A connecting rod was created by drawing out a long, horizontal, thin box and then just extruding the end to create the staggered effect. This was then joined on to the raised chamfer box created earlier on the lever.

Finally, I drew out small cylinders, placed them through the metal side and used the Boolean tool to create the holes.

Week 7 - Job Allocation and Beginning to model

As I didn’t feel I would be able to model quite as much as some of the other group members, I chose to model a small section and then mainly focus on the post production audio and video editing. The parts I chose to model were the base that the whole engine sat on and a side plate with lever and handle.

To create the base I started by creating a chamfer box in the top viewport. I then changed the fillet size until I had a good representation of the curve on the base of the engine. I then converted the chamfer box to an editable poly. Using polygon mode, I then selected the polygons on two opposite ends and deleted them to create straight, rather than curved, ends.

I then created a cylinder in the top viewport and used the scale tool to change one axis so the cylinder became oval. I then duplicated this and placed the two cylinders through the chamfer box and used the Boolean tool to remove these from the base. This then created two recesses where parts of the engine rotated into.

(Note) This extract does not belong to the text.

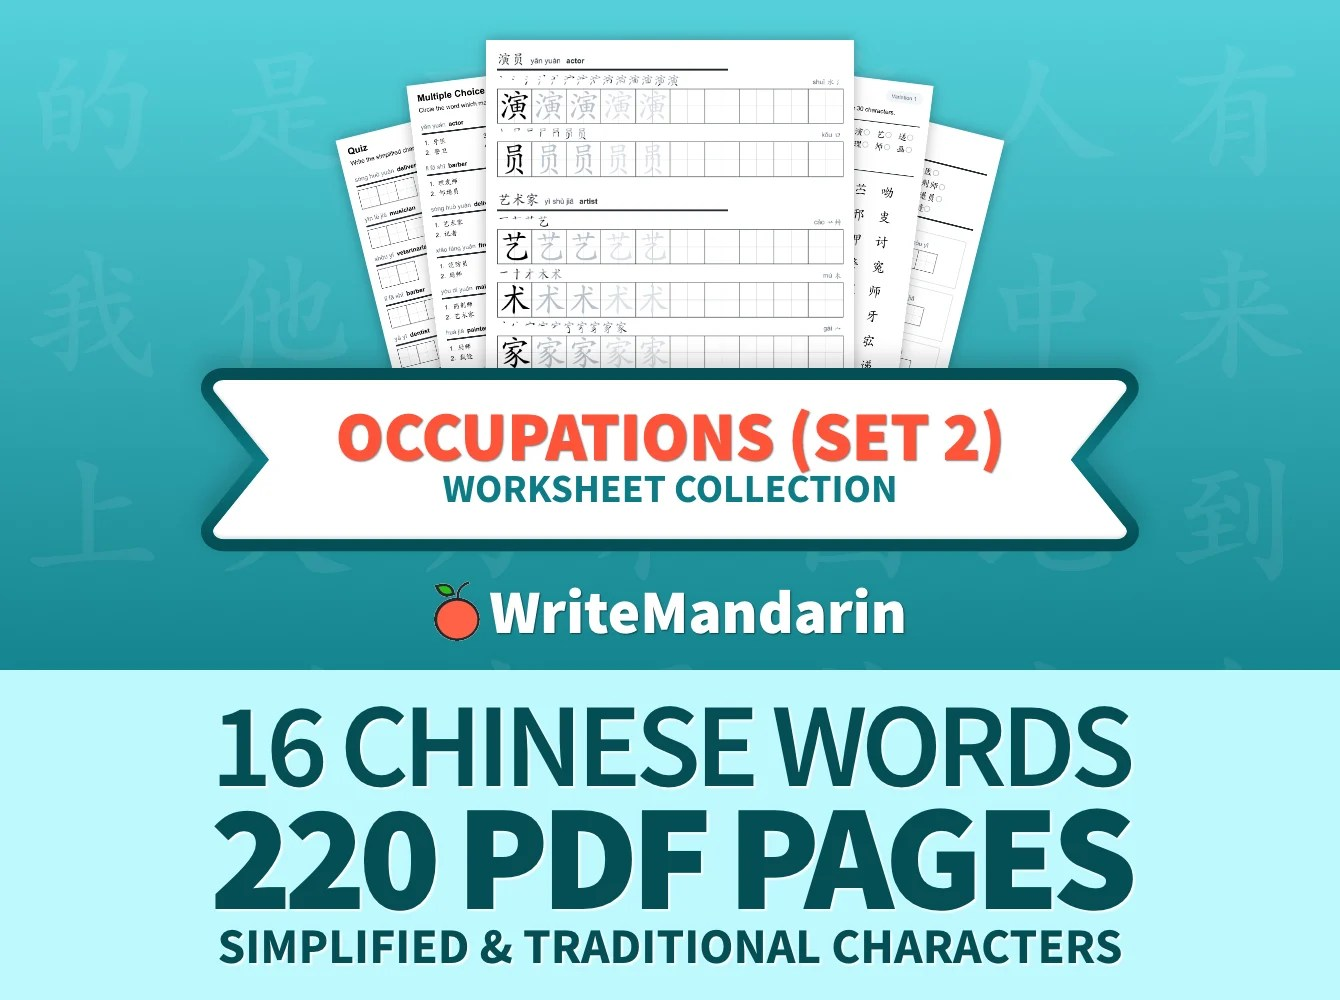 Occupations Set 2

Next, I selected polygons on the underside of the chamfer box and removed them to get rid of the bottom half of the curve. I used the cap tool to create a cap over the parts I had removed. I then drew a thin box, the same size as the base, for the chamfer box to sit on. I then converted the box to an editable poly and attached it to the chamfer box to create one object.

I removed polygons on one end to create a recess where the main body of the engine sat. I placed small cylinders around the edge of the base and used the Boolean tool again to remove these cylinders to create holes for fixing points on the base.

Finally, I added two boxes near the back of the model for part of the engine to sit on and also created four triangles for supports on the bottom of the base.